- [What you need to do]: Please transcribe the data exactly as shown, skipping the images.

- [Data excerpt]:
---+---

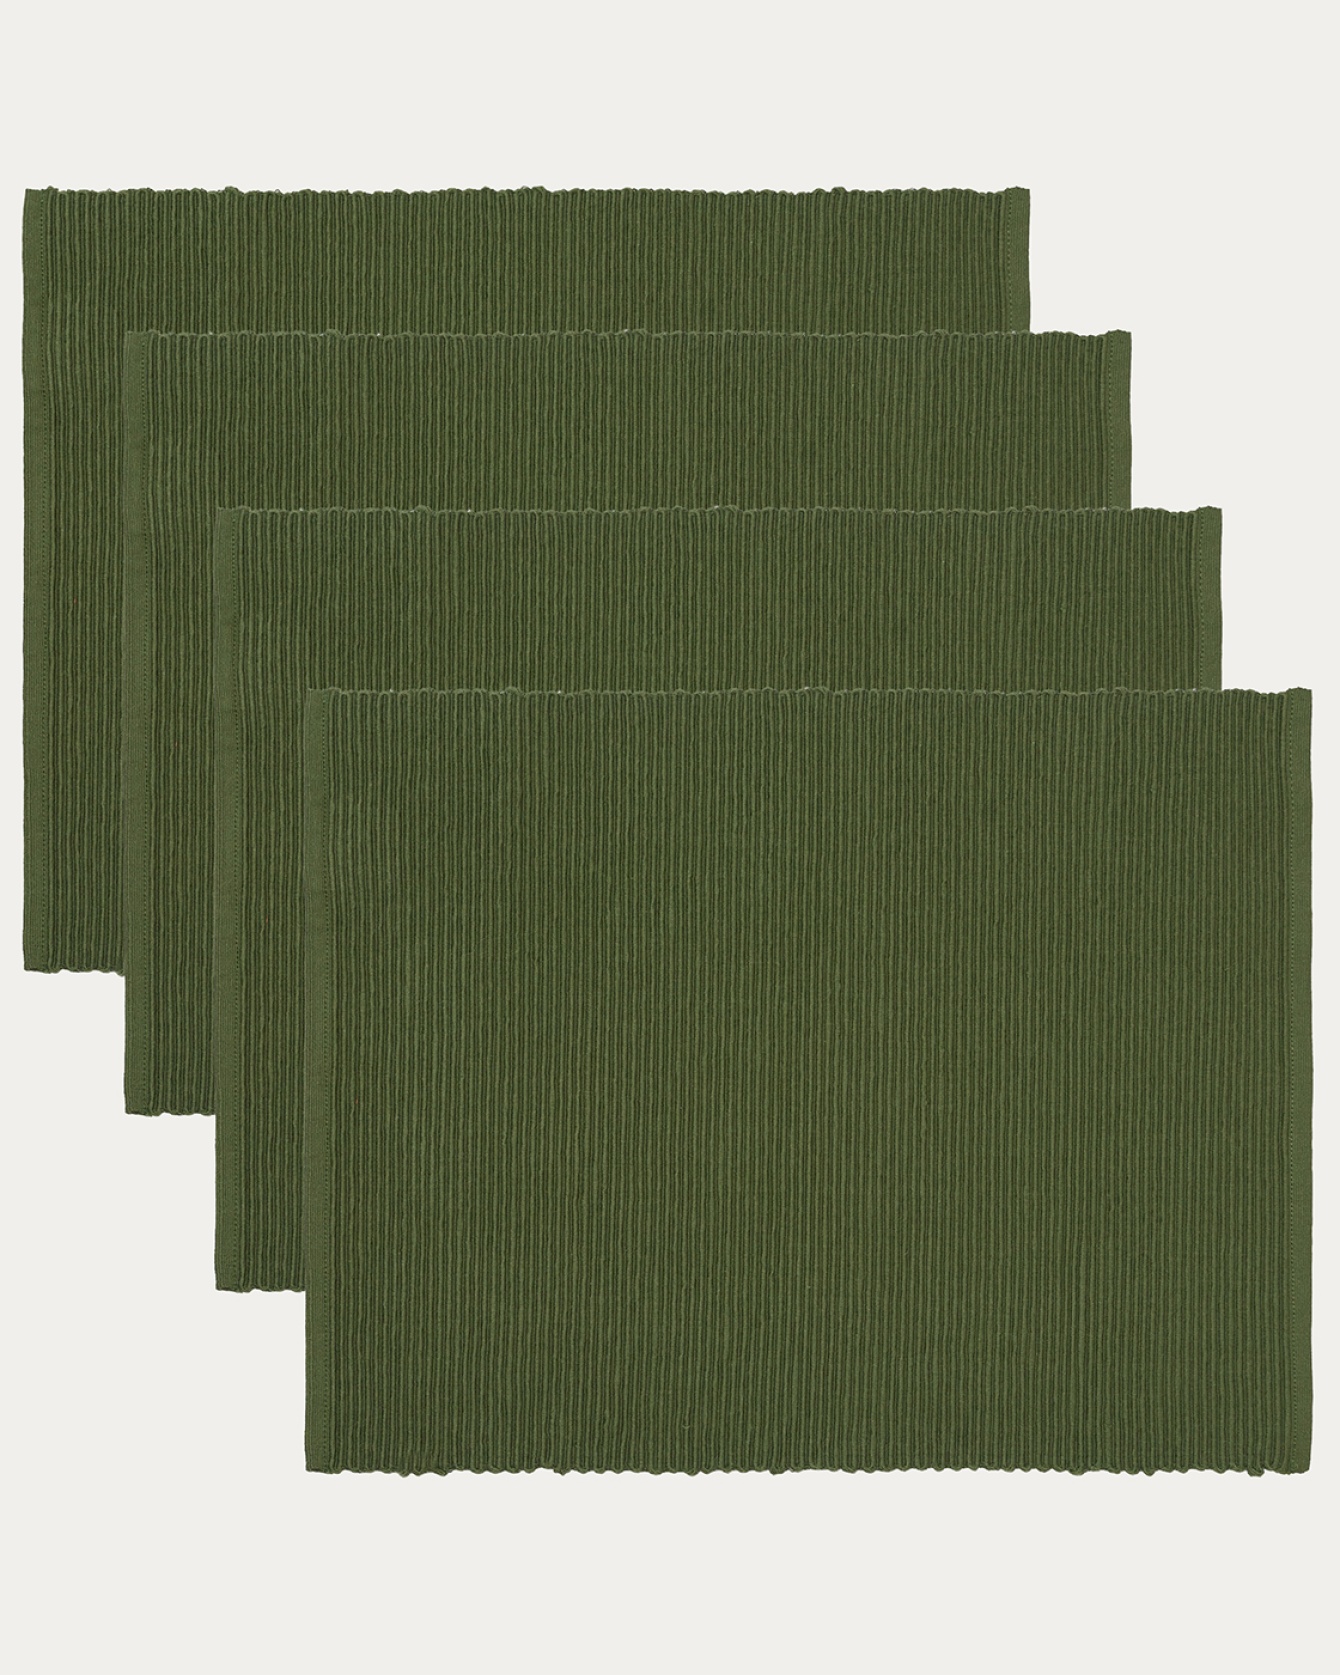 Image du produit set de table UNI vert olive foncé en coton doux de qualité côtelée de LINUM DESIGN. Taille 35 x 46 cm et vendu en lot de 4.
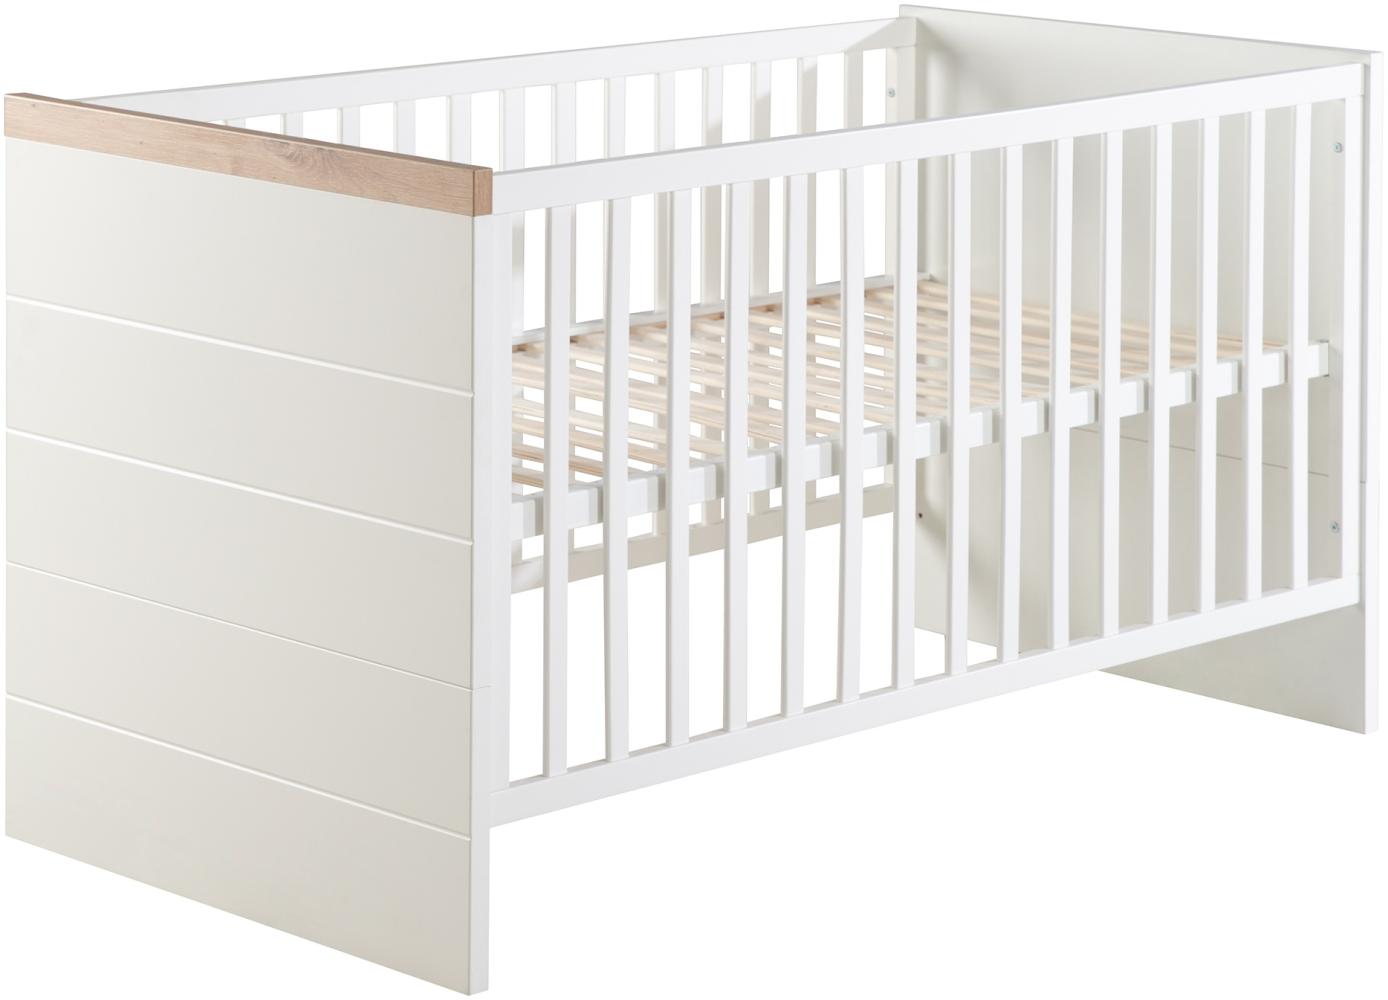 Roba 'Nele' Kombi-Kinderbett, 70x140 cm, weiß/artisan eiche, 3-fach höhenverstellbar, Schlupfsprossen, umbaubar Bild 1
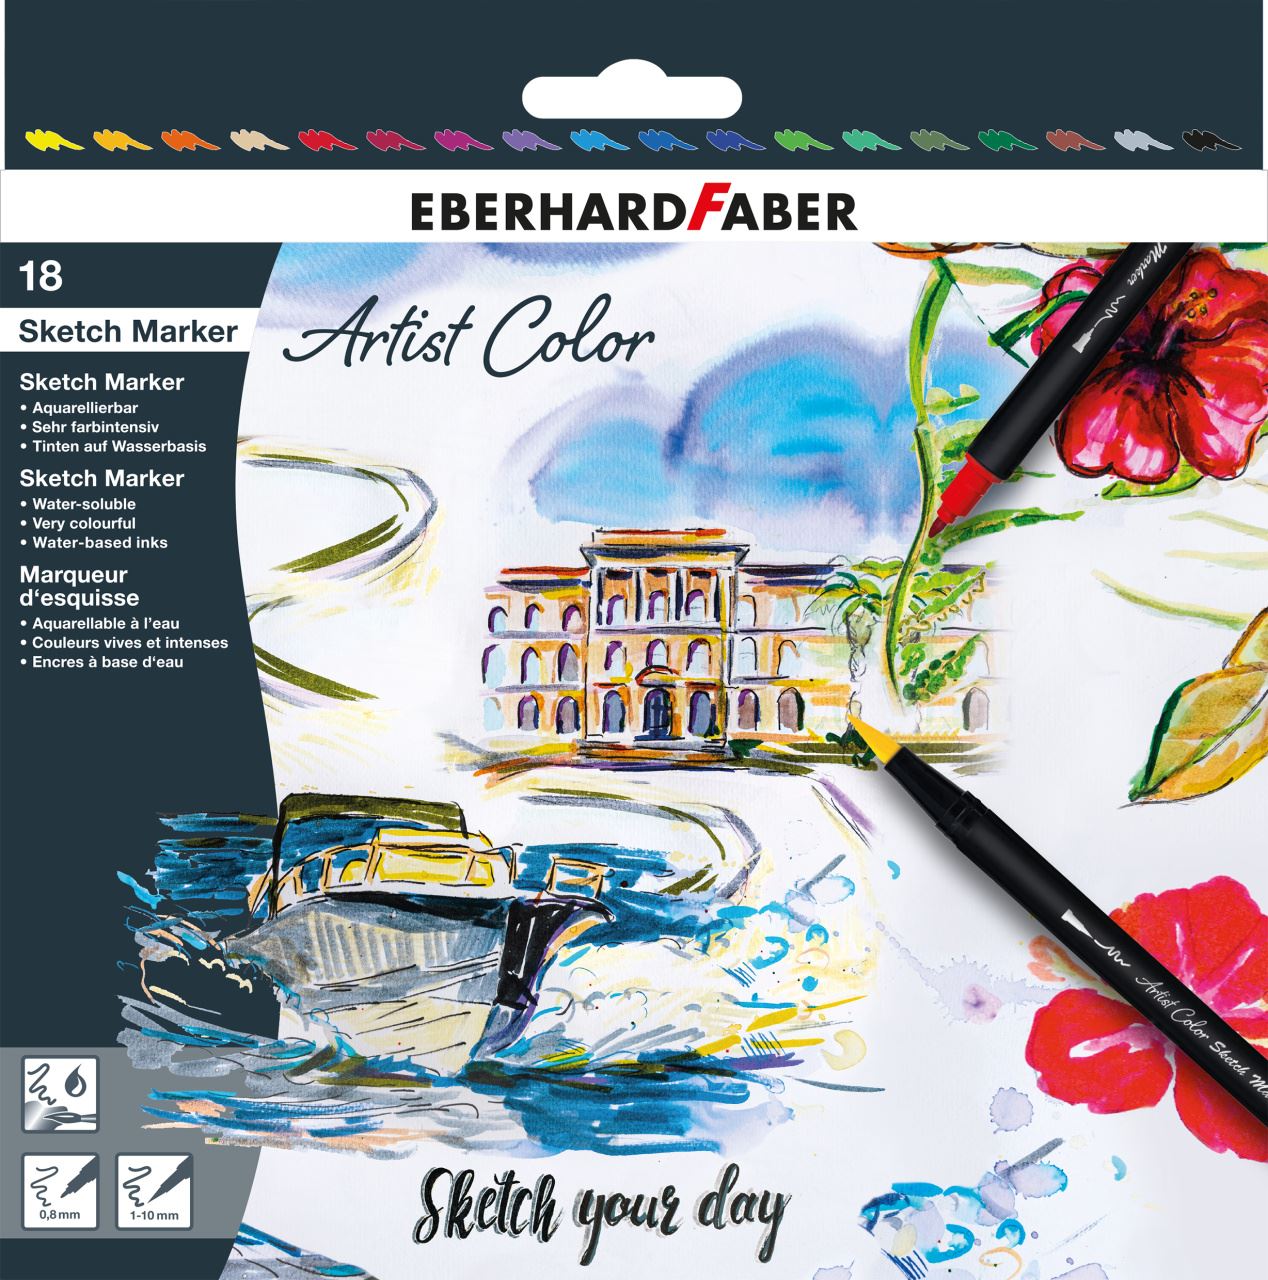 Eberhard-Faber - Sketch Marker Artist Color 18 pcs
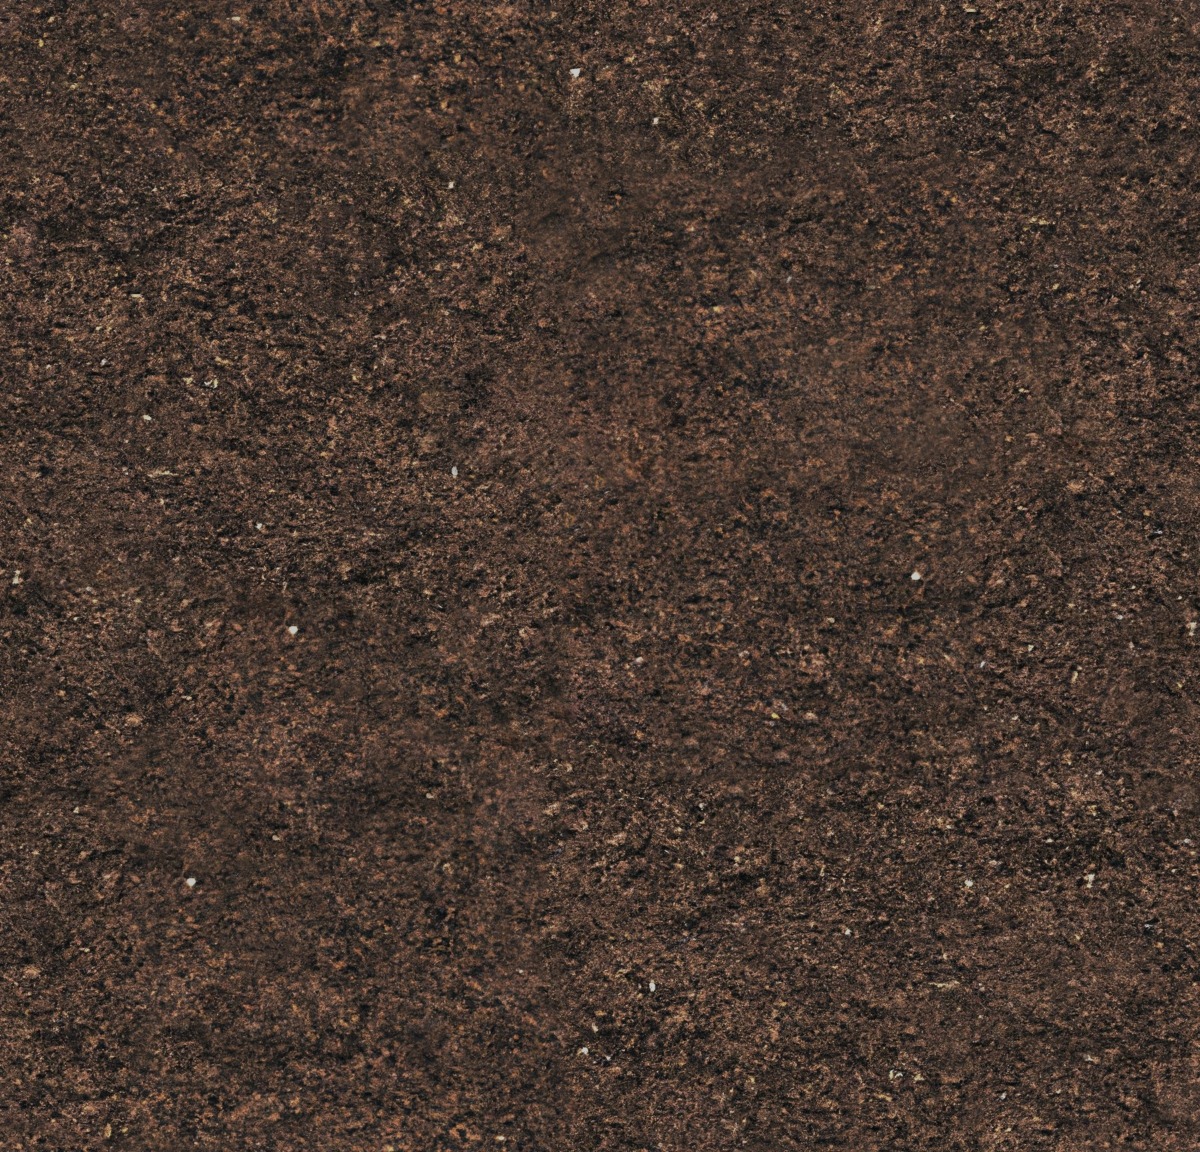 5 Free Seamless Dirt Textures (JPG)

---+---

- [Written solution]:
 Image du produit set de table UNI vert olive foncé en coton doux de qualité côtelée de LINUM DESIGN. Taille 35 x 46 cm et vendu en lot de 4.
 Roba 'Nele' Kombi-Kinderbett, 70x140 cm, weiß/artisan eiche, 3-fach höhenverstellbar, Schlupfsprossen, umbaubar Bild 1
 Eberhard-Faber - Sketch Marker Artist Color 18 pcs
 5 Free Seamless Dirt Textures (JPG)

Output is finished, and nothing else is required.